Phillips-Cremins earned her bachelor’s degree in chemical engineering and mathematics at Clarkson University and her doctorate in biomedical engineering at Georgia Institute of Technology. She continued her training by leading a unique pan-institutional interdisciplinary postdoc simultaneously in the labs of Job Dekker, PhD, of the University of Massachusetts, and Victor Corces, PhD, of Emory University, before joining the faculty of the University of Pennsylvania in 2014.
Phillips-Cremins has received many honors and awards, including the National Institutes of Health (NIH) Director’s New Innovator Award, an Alfred P. Sloan Foundation Fellowship, two Kavli Frontiers of Science Fellowships, the International Society for Stem Cell Research Dr. Susan Lim Award for Outstanding Young Investigator, the National Science Foundation CAREER award, a New York Stem Cell Foundation Robertson Investigator Award, and the NIH Director’s Pioneer Award.

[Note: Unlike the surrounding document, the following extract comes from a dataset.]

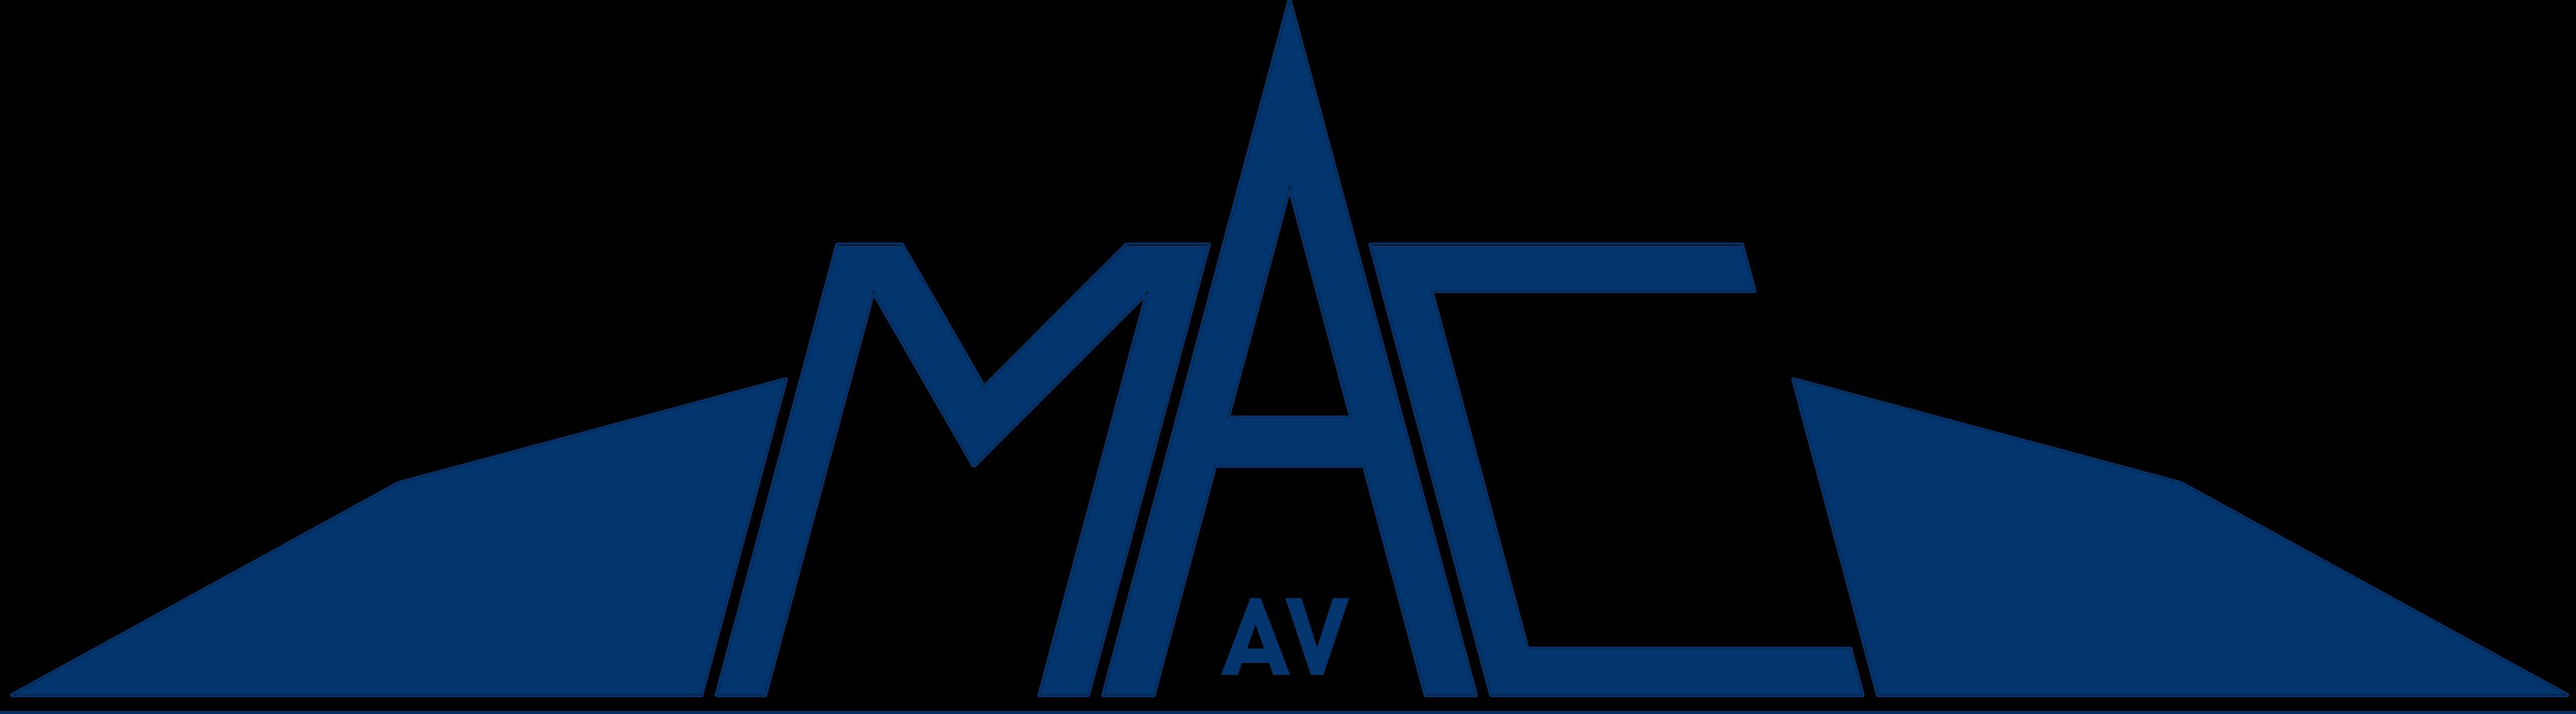 MAC AV

About Washington University School of Medicine
WashU Medicine is a global leader in academic medicine, including biomedical research, patient care and educational programs with 2,900 faculty. Its National Institutes of Health (NIH) research funding portfolio is the second largest among U.S. medical schools and has grown 83% since 2016. Together with institutional investment, WashU Medicine commits well over $1 billion annually to basic and clinical research innovation and training. Its faculty practice is consistently within the top five in the country, with more than 1,900 faculty physicians practicing at 130 locations and who are also the medical staffs of Barnes-Jewish and St. Louis Children’s hospitals of BJC HealthCare. WashU Medicine has a storied history in MD/PhD training, recently dedicated $100 million to scholarships and curriculum renewal for its medical students, and is home to top-notch training programs in every medical subspecialty as well as physical therapy, occupational therapy, and audiology and communications sciences.